Regarding morphemic encoding: I assume you're talking about the notion of radical/non-radical pairs as codepoints. In my view, these need not be considered morphemes. (Turning it around, one could argue that all Arabic consonants are morphemic.) E.g., assume CAPS are radical characters and small letters are non-radicals. Then the K, T, and B in "maKTaB" are not morphemes; they're just letters with radical semantics. Not so different from encoding both uppercase and lowercase forms for latin-based scripts. One could spell the same word "maktab"; both would look the same after rendering, but the former allows use to use ordinary software to do interesting things (e.g. find all words derived from KTB). No need for morphological analysis software.

Now, IMO a difficult design question is whether some true morphemes should in fact be encoded. Obvious examples: definite article, other particles like laa, sawfa, sa-, direct object suffixes -hu, -ha, etc. Unicode will never countenance something like that, but that doesn't mean we shouldn't. Such design decisions should be made strictly on a costs/benefits basis, IMO.

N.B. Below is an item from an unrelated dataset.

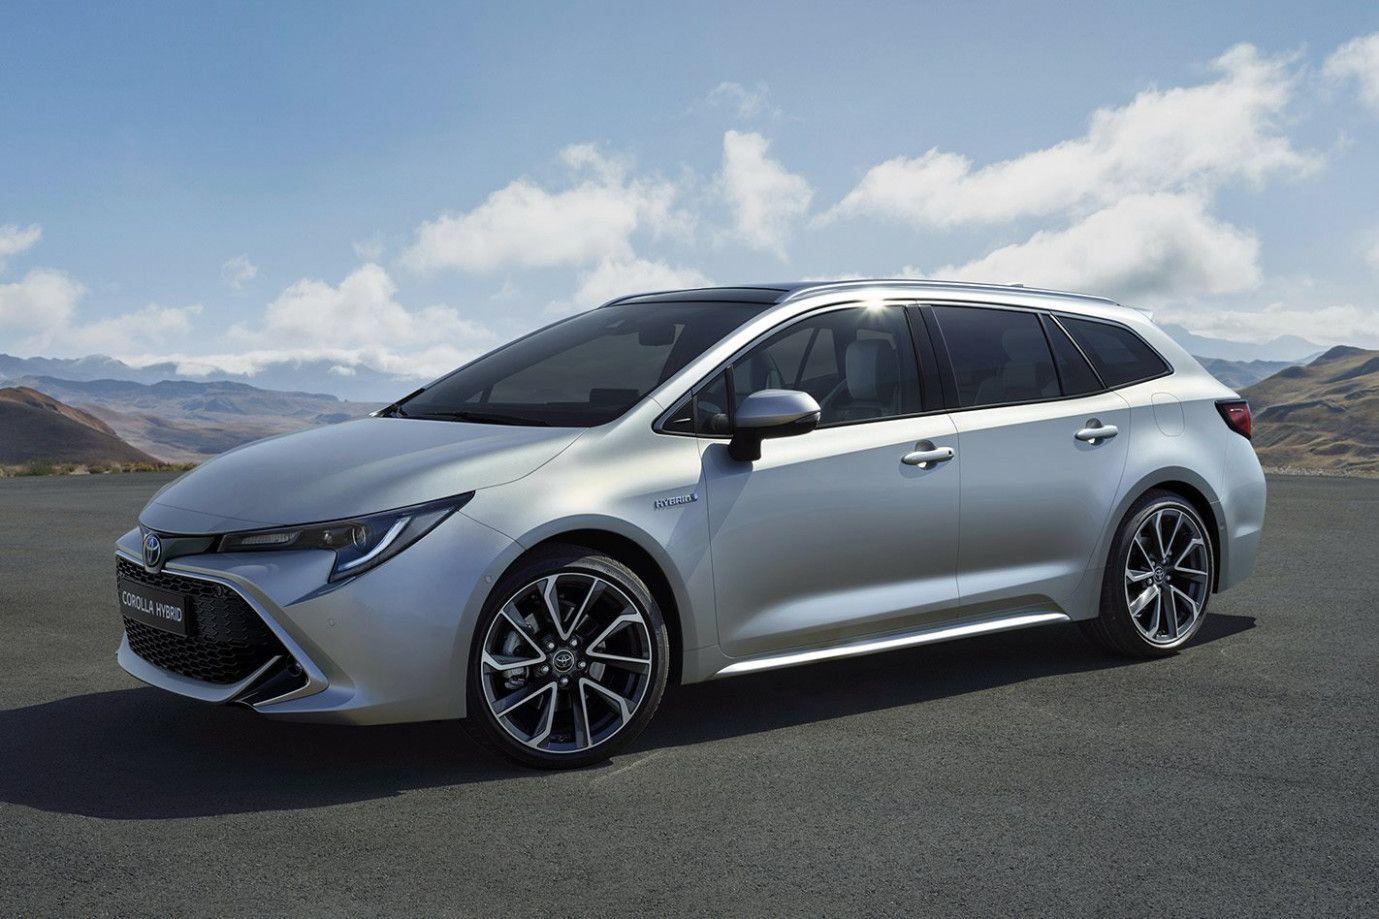 Toyota Corolla Wagon Could Come To Australia 2020 Toyota Wagon Toyota Corolla Sport Corolla Wagon Toyota Corolla

Even then, Arabic script does not fully cover the Arabic language from a linguistic perspective. A (or maybe /the/) striking example is the inserted vowel between the /n/ of tanween and any initial cluster of consonants, e.g., /muHammadu-ni r-rasuulu/: it has no orthographic expression (I found it described as kasra, bound to a small nuun in an Ottoman handbook, but I never attested it in a manuscript).

(I think you mean /muHammadu-nu r-rasuulu/ ;)

I don't understand your argument here. The "helper vowel" can be inscribed using one of the ordinary vowel marks. (I'm pretty sure the grammarians address this explicitly.) Scribes may choose not to do this, but they can if they want to. This occurs in many cases, e.g. after the question particle hal.

-g